Electrolysis catalyzed ozonation for advanced wastewater treatment

Abstract

The prohibitive cost of advanced oxidation processes (AOPs) necessitates the development of innovative variations to increase their applicability. This investigation evaluated the combination of ozonation and electrolysis using iron electrodes as a catalytic ozonation AOP for the mineralization of organic compounds in water. The operating parameters of initial pH and current density were optimized using response surface methodology (RSM) to maximize total organic carbon (TOC) removal from a dextrose based synthetic wastewater. The process was most effective for TOC removal in alkaline conditions (initial pH of 9), although performance compared to ozonation alone was more significantly enhanced in acidic conditions (initial pH of 3). TOC removal was found to increase as current density increased from 4 to 12 mA/cm2, regardless of initial pH, primarily due to the increased rate of catalyst addition from the sacrificial anode.
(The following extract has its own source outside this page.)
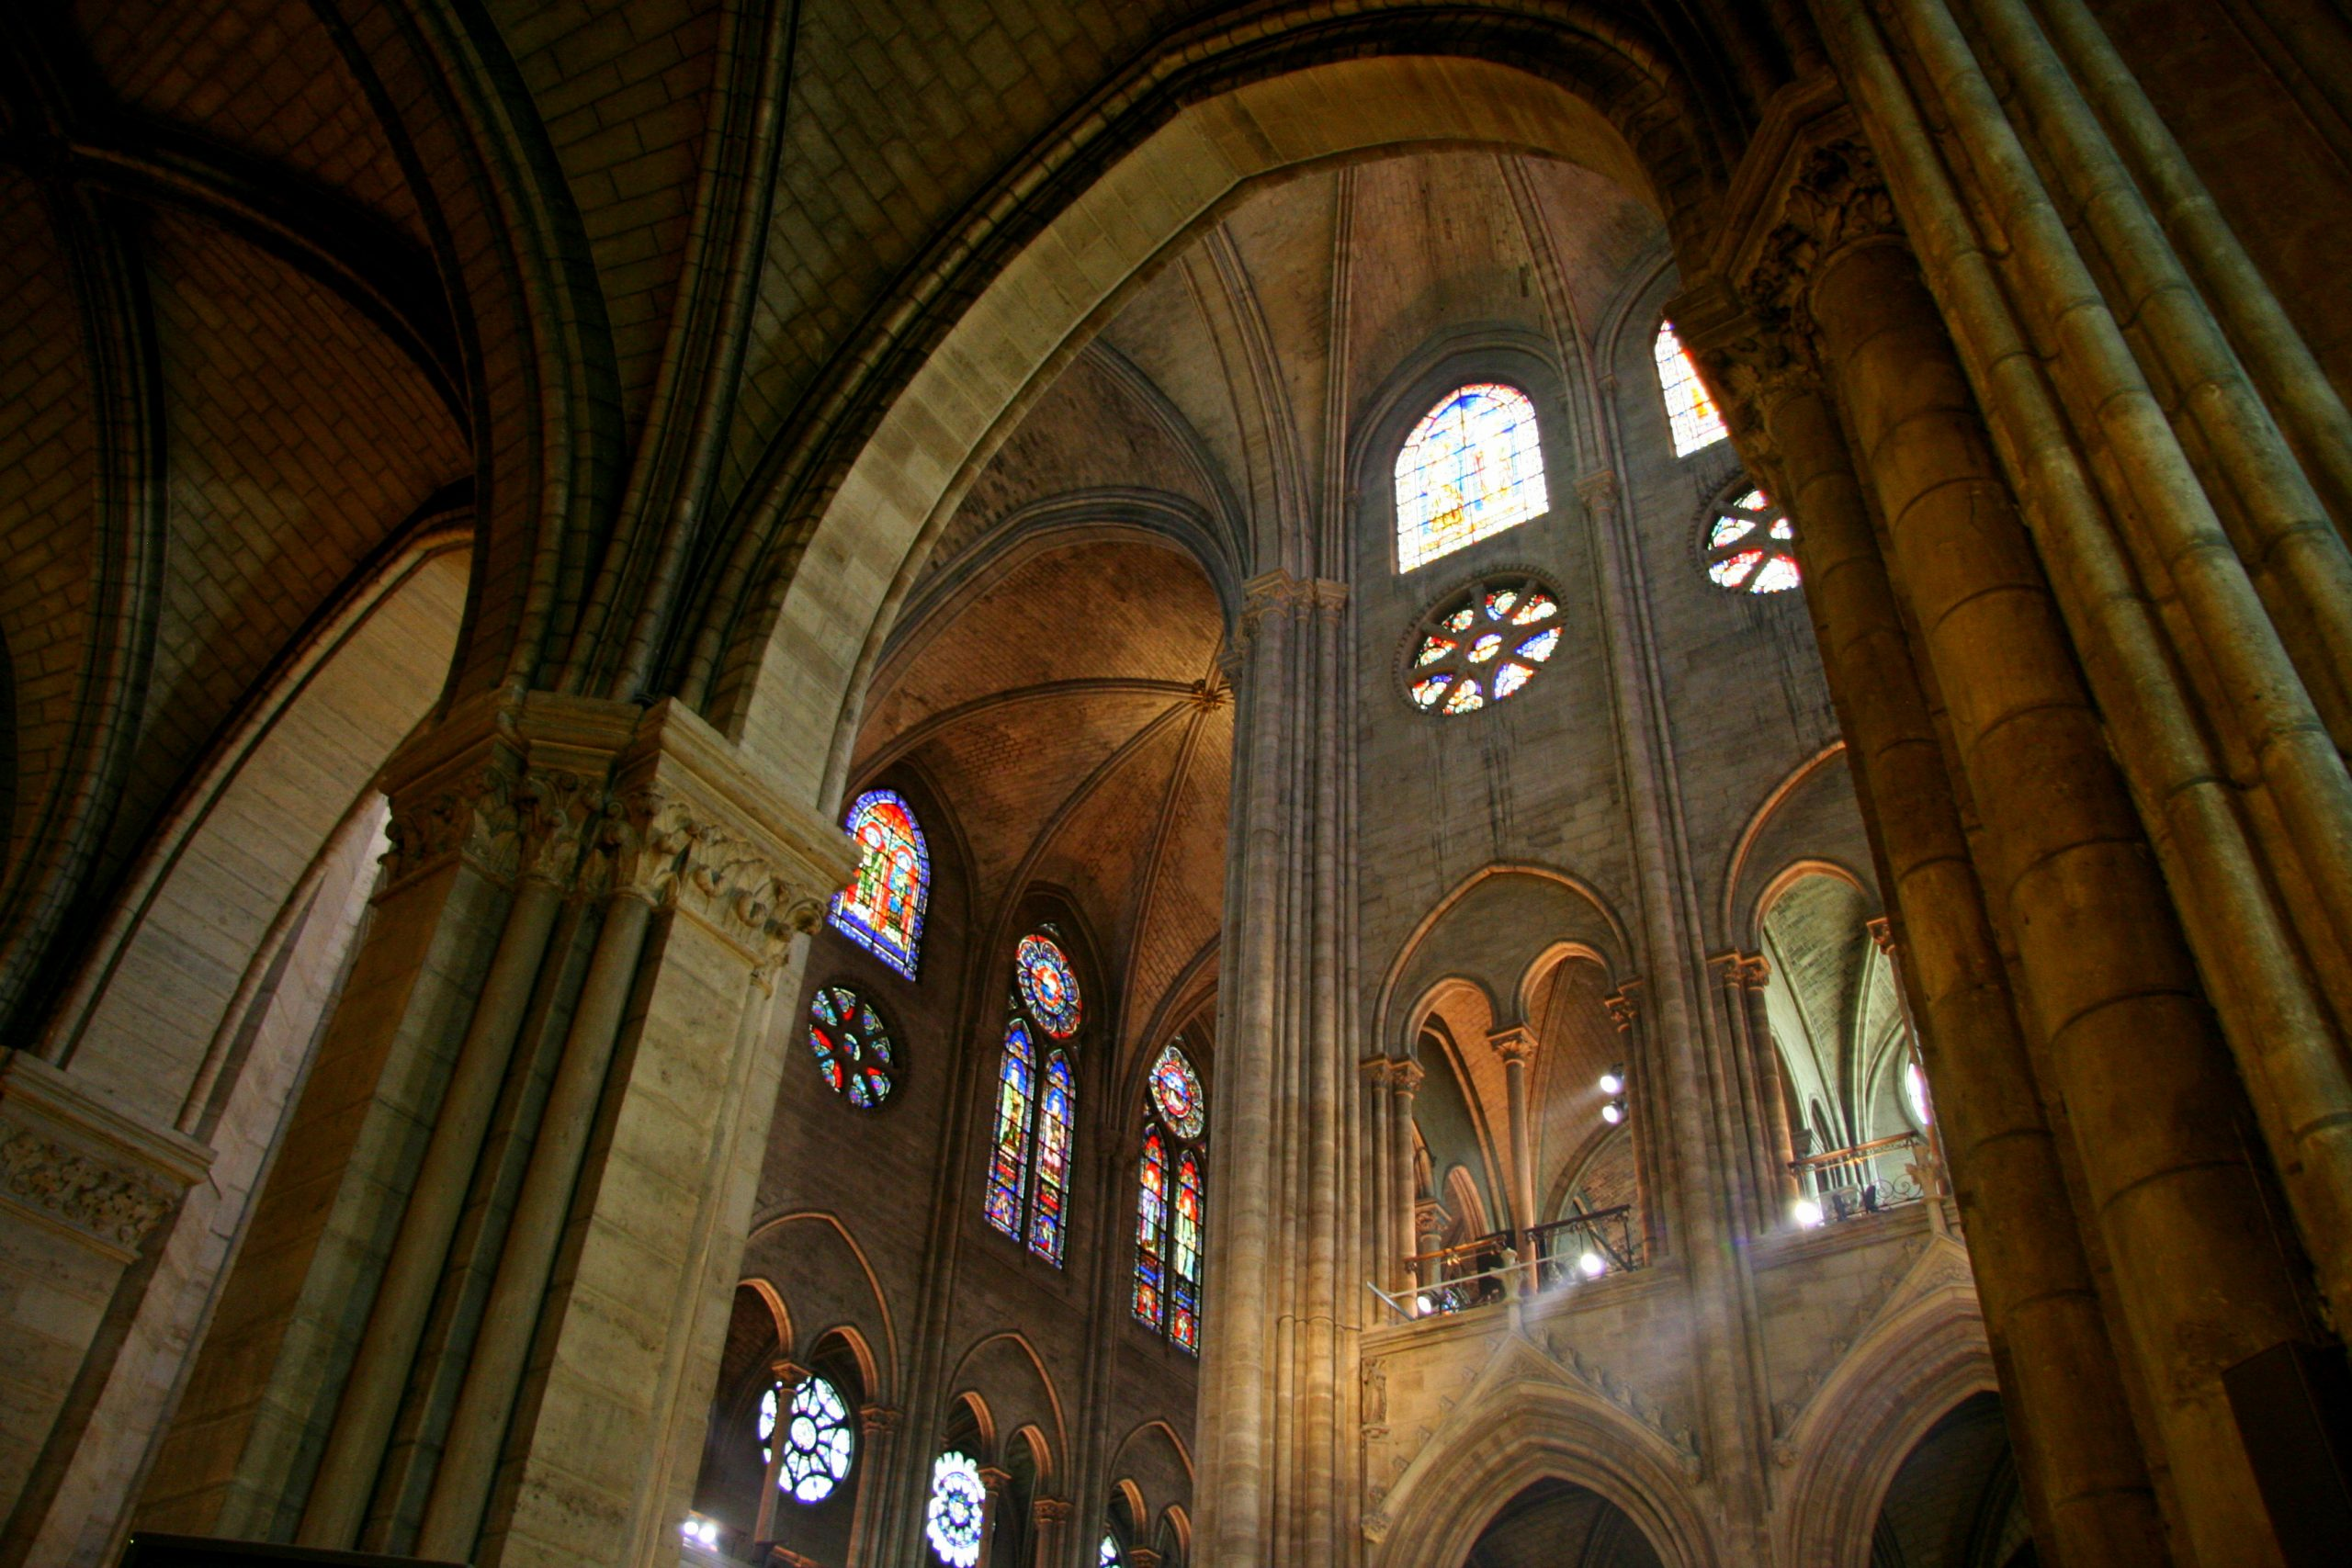 2014, Cathedrale Notre-Dame, Paris, France

It was determined that the initial pH of the system presented a more statistically significant effect on TOC removal than current density, although both parameters were determined to be relevant. Under optimal conditions of 12 mA/cm2 and an initial pH of 9, 63% TOC removal was achieved after 60 min of treatment. Catalyst dosage using electrochemical and chemical approaches was compared, finding that electrochemical catalyst dosage was preferred for TOC removal, illustrated by the pseudo-first order rate constant of observed TOC removal, which was 51–76% higher using the electrochemical approach. Using an indirect measurement method involving tert-Butyl alcohol, hydroxyl radicals were detected during the combined ozonation and electrolysis treatment. Radical production was found to be linked to the conditions which favoured TOC removal. The results of this study have demonstrated the ability of an electrochemical catalytic ozonation process to enhance the removal of organic contaminants in wastewater compared to ozonation alone, established the advantages of harnessing an electrochemically generated catalyst, and characterized the effect of key operating parameters on TOC removal performance and hydroxyl radical production.